Information provided Start Marker

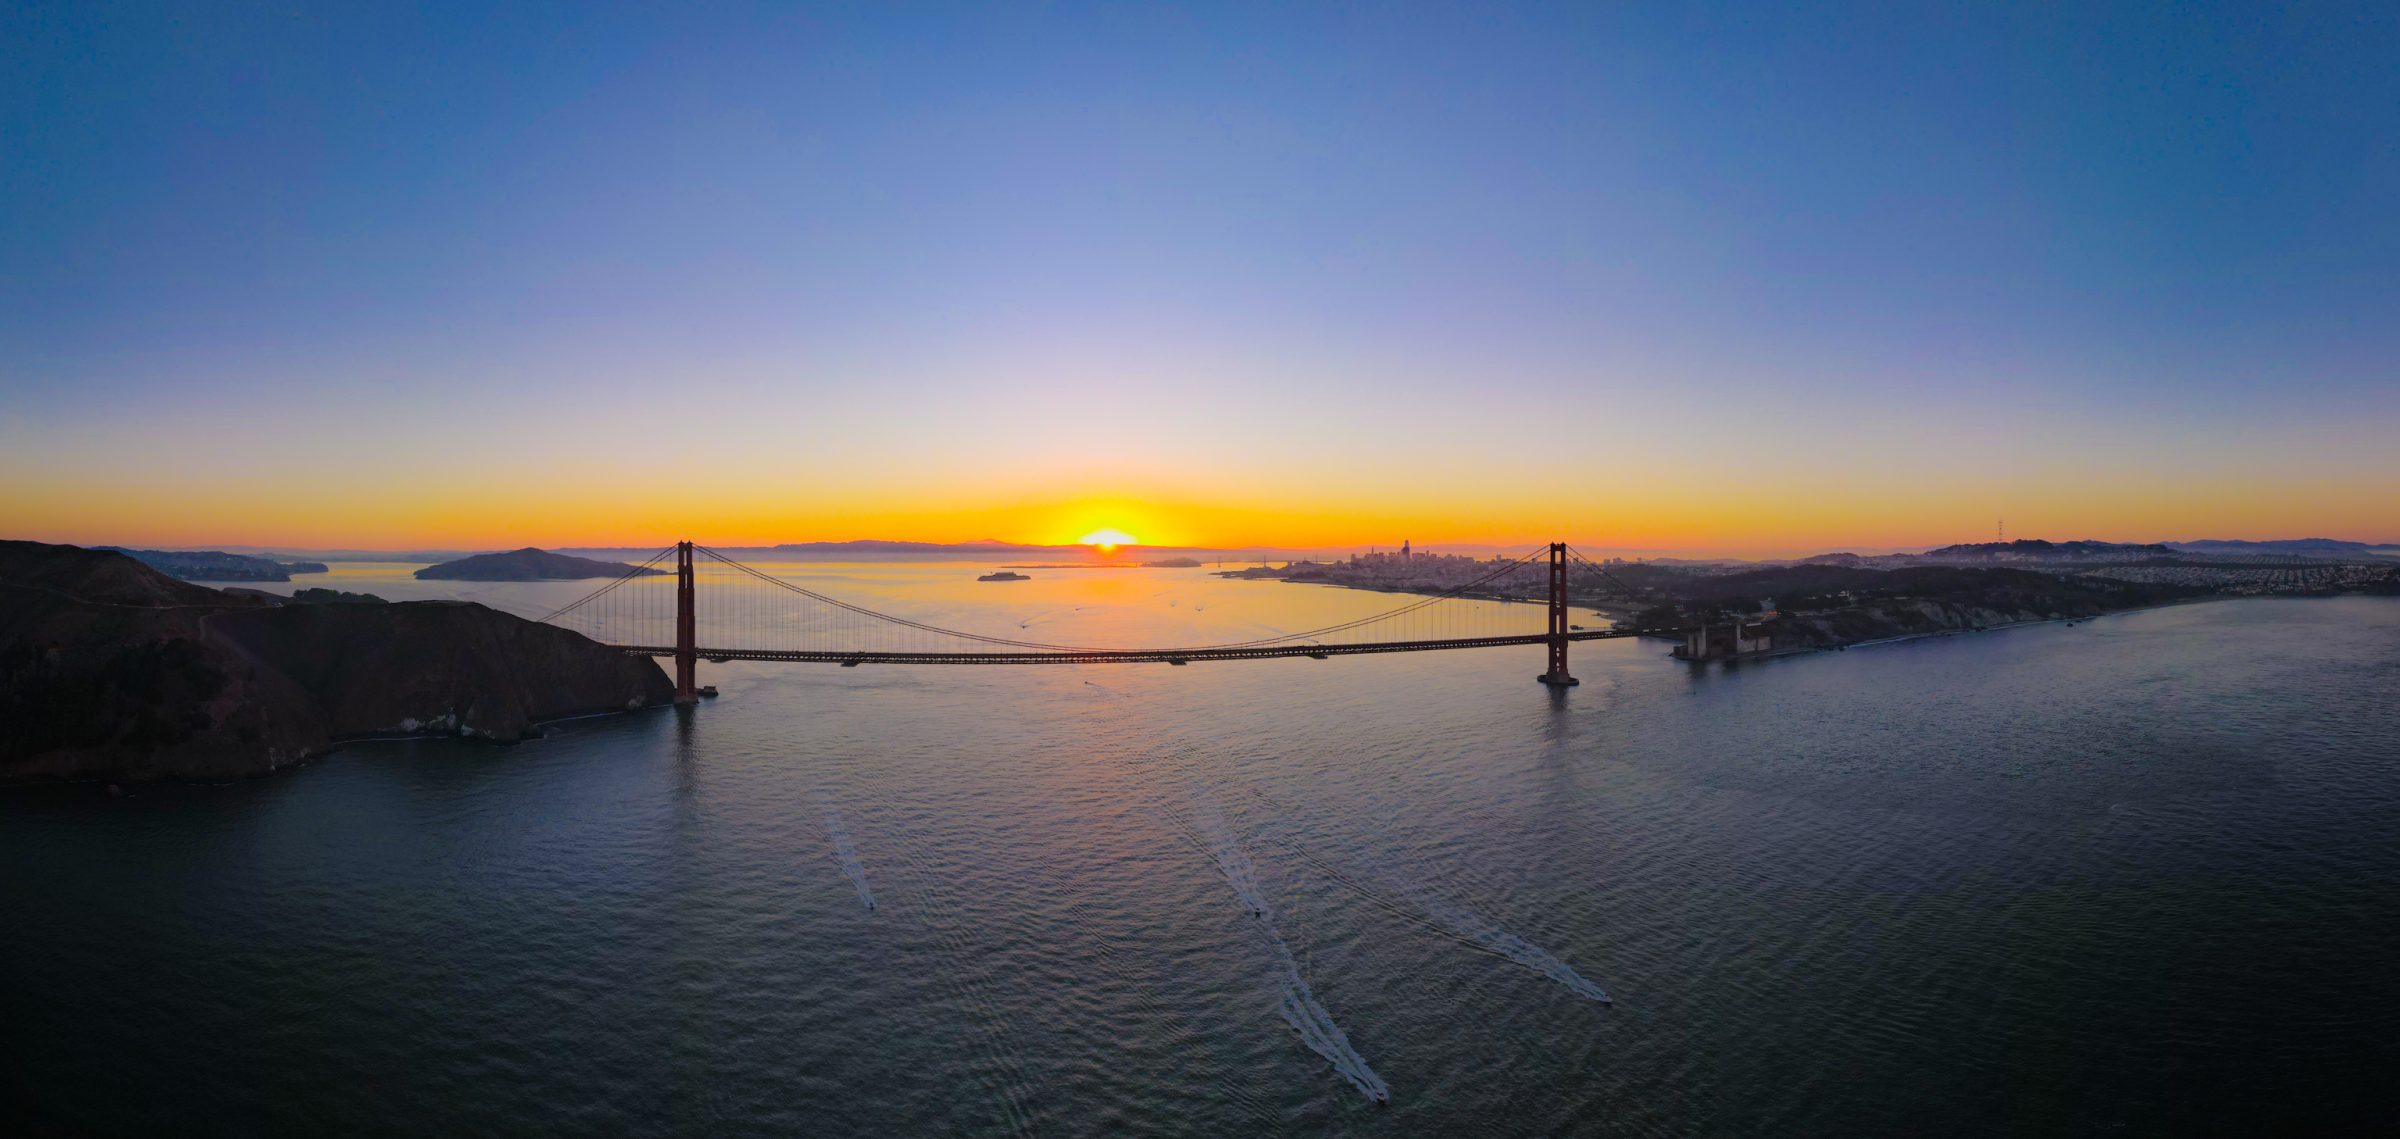 El puente Golden Gate y San Francisco al amanecer.
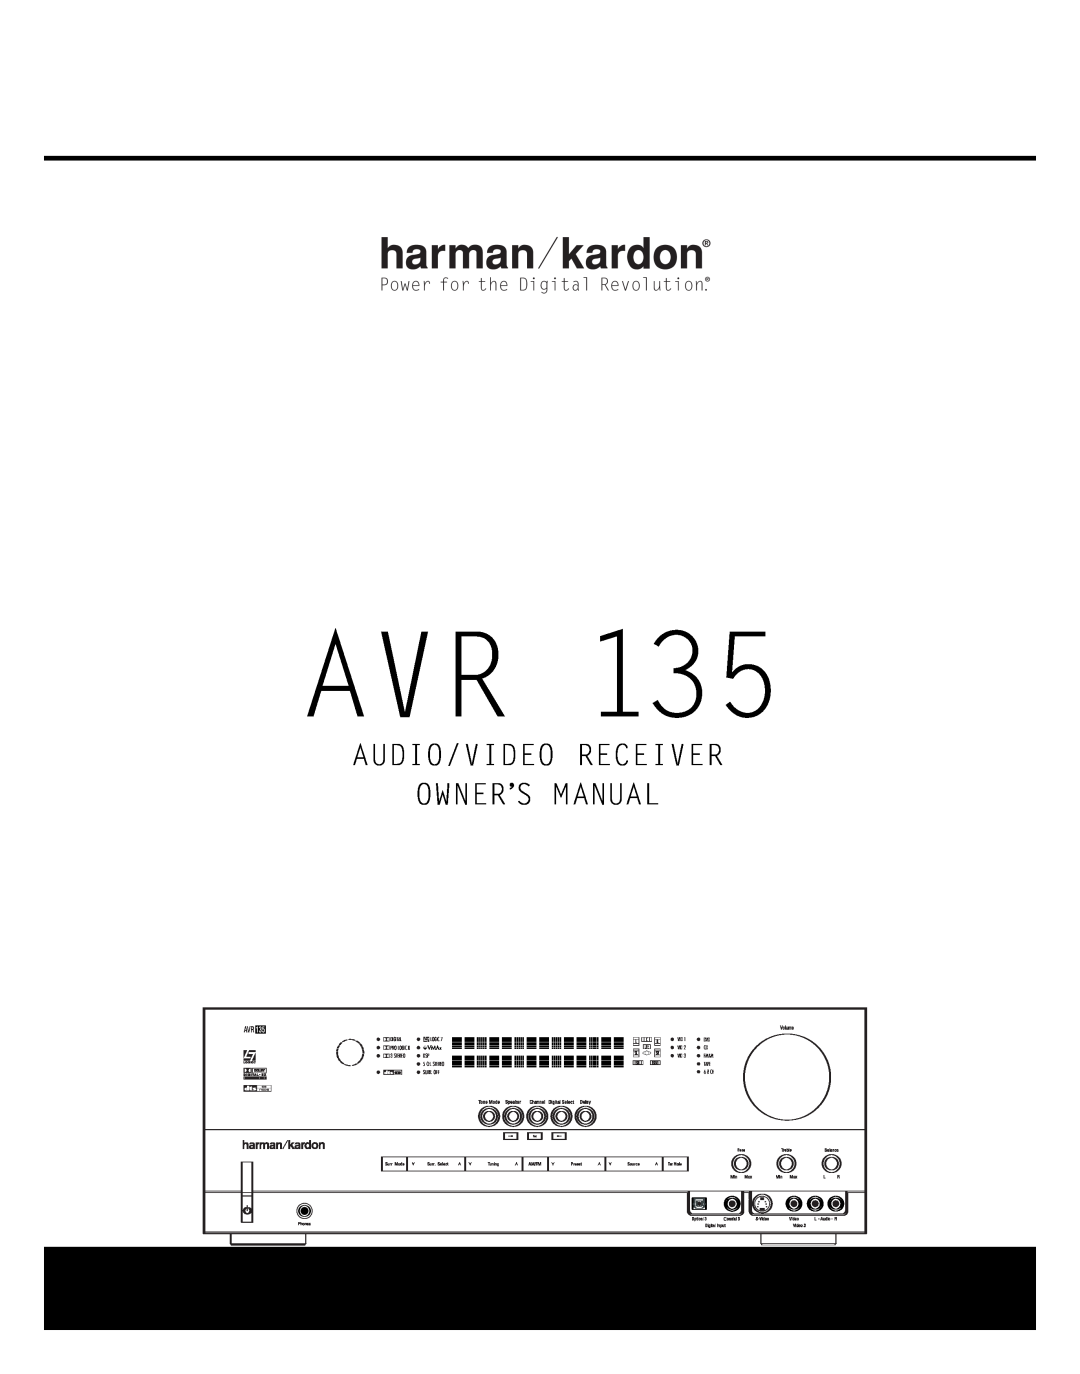 Harman-Kardon AVR 135 owner manual Power for the Digital Revolution 
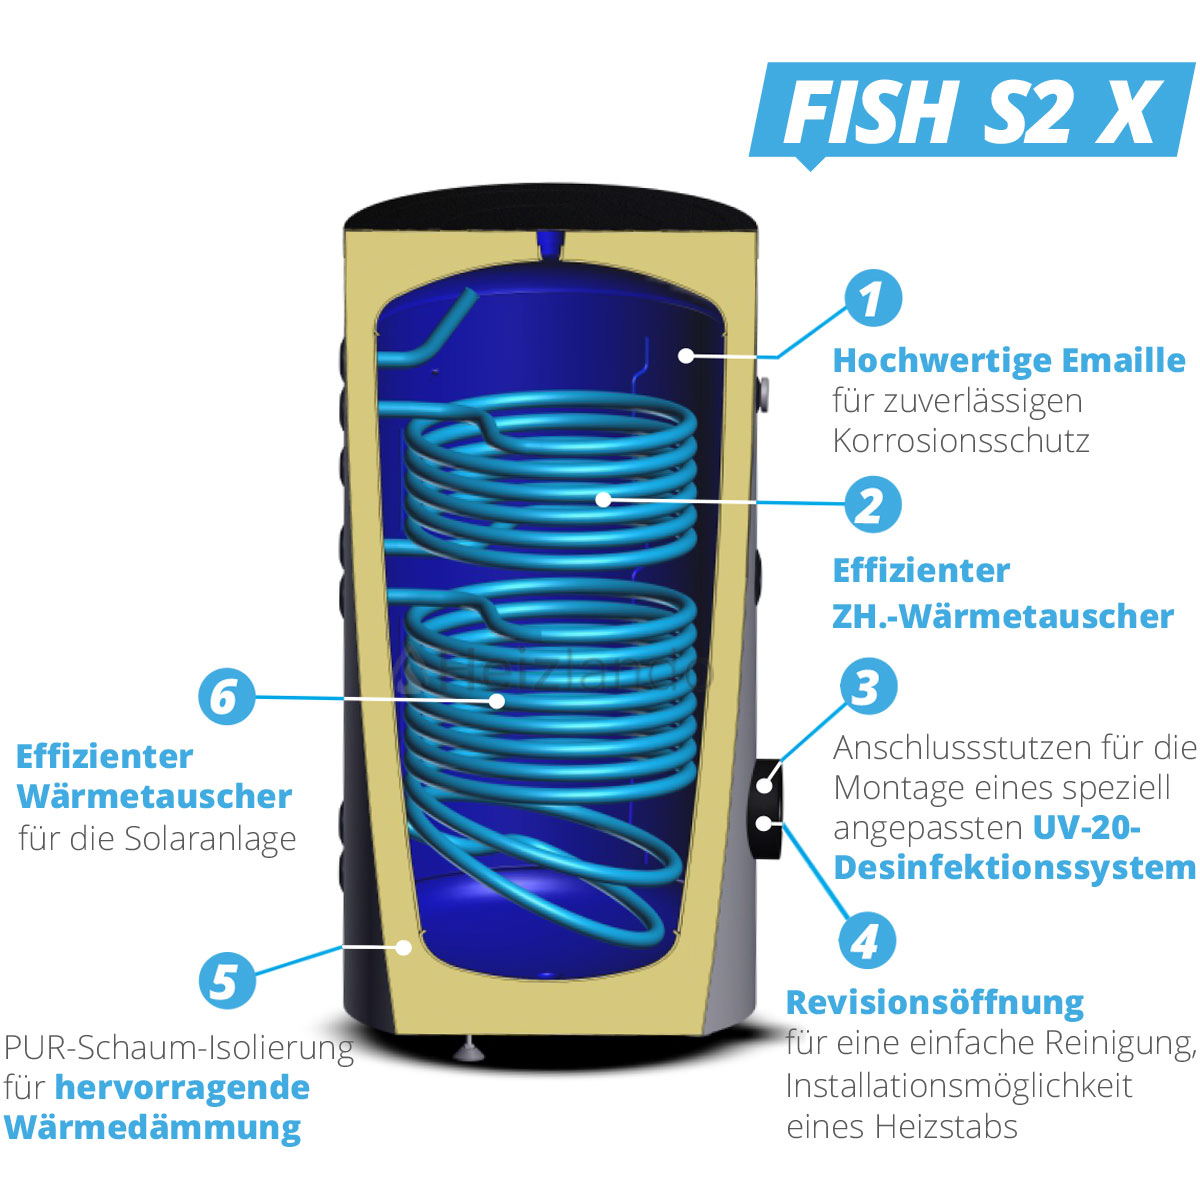 Sunex Warmwasser- und Solarspeicher Fish S2 mit 2 Wärmetauschern 300 Liter

Information provided End Marker

Everything above except the pictures needs to be reproduced exactly.

 El puente Golden Gate y San Francisco al amanecer.
 Harman-Kardon AVR 135 owner manual Power for the Digital Revolution 
 Sunex Warmwasser- und Solarspeicher Fish S2 mit 2 Wärmetauschern 300 Liter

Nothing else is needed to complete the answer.